- Working data -
● ● ● ●
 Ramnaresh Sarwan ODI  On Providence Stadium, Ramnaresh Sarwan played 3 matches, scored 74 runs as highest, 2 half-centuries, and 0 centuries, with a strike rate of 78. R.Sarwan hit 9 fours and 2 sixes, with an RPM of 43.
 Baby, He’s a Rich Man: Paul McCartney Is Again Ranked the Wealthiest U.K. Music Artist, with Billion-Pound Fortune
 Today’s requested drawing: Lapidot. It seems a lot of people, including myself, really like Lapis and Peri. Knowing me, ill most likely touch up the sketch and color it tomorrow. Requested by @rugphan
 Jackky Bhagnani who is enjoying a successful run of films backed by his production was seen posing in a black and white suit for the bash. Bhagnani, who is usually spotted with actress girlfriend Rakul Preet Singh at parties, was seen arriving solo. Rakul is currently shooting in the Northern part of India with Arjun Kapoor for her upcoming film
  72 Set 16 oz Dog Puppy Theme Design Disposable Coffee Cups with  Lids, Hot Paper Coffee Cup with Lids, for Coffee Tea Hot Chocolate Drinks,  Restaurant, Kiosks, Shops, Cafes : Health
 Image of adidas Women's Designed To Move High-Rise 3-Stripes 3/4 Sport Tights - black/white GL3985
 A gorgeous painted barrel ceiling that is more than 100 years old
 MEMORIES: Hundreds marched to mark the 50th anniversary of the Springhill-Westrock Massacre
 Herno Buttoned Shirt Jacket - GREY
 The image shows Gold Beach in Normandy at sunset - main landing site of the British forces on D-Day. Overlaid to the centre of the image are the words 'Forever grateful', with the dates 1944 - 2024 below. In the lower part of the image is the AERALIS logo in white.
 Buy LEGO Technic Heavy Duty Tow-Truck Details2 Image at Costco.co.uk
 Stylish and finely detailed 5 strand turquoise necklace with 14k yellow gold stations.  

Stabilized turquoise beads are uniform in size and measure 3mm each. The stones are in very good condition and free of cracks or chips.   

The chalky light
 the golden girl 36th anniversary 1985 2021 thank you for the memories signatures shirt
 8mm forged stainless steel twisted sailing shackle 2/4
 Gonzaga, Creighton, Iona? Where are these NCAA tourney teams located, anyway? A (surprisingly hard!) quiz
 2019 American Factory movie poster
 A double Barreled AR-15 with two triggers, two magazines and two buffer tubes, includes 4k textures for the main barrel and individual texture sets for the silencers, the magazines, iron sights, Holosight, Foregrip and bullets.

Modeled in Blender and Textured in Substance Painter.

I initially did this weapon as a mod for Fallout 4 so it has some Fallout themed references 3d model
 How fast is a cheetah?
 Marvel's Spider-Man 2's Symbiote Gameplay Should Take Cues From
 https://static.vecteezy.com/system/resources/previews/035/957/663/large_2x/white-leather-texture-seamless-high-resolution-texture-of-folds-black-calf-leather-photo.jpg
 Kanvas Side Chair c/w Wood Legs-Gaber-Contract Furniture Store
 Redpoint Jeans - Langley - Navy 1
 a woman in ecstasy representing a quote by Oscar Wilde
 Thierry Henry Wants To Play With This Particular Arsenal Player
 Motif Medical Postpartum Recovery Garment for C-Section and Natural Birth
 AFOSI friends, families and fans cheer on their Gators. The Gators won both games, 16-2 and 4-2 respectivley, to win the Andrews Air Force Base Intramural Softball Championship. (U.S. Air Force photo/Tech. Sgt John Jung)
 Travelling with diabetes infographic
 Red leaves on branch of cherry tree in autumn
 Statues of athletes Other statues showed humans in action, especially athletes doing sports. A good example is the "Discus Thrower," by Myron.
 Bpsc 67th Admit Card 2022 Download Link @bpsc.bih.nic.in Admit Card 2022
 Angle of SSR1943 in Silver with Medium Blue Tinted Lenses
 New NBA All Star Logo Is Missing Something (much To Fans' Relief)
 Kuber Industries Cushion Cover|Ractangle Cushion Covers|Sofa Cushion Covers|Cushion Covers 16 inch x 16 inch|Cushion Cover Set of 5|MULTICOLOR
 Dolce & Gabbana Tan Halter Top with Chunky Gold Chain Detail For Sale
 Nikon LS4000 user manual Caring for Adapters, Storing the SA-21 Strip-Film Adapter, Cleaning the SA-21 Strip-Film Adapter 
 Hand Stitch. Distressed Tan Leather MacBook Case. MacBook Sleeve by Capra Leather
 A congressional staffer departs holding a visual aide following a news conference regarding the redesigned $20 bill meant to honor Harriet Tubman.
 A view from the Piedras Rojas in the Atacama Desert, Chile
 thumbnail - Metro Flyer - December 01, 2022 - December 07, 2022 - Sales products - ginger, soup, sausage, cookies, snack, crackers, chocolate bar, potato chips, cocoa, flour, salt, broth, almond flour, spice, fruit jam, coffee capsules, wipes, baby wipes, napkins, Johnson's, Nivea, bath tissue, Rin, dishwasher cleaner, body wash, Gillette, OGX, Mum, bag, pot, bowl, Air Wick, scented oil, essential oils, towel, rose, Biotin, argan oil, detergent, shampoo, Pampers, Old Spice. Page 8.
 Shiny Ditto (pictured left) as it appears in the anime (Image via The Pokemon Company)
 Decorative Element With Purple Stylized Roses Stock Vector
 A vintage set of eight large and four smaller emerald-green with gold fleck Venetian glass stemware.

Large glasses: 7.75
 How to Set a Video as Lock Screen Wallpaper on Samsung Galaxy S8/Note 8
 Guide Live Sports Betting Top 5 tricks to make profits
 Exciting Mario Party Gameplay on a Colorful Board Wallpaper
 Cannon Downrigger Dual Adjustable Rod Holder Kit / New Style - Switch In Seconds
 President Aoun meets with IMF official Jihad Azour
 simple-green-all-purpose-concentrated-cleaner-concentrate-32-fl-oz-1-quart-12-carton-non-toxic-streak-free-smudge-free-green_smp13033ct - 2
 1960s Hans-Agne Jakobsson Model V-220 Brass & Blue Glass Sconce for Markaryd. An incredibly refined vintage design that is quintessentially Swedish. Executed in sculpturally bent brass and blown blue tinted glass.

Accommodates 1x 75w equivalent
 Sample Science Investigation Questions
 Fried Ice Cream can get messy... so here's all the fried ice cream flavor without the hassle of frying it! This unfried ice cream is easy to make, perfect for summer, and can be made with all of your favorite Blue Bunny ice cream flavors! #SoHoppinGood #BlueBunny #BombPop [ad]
● ● ● ●
Pull out every line of the records above that contains the word "main".

- Exercise answer -
 The image shows Gold Beach in Normandy at sunset - main landing site of the British forces on D-Day. Overlaid to the centre of the image are the words 'Forever grateful', with the dates 1944 - 2024 below. In the lower part of the image is the AERALIS logo in white.
 A double Barreled AR-15 with two triggers, two magazines and two buffer tubes, includes 4k textures for the main barrel and individual texture sets for the silencers, the magazines, iron sights, Holosight, Foregrip and bullets.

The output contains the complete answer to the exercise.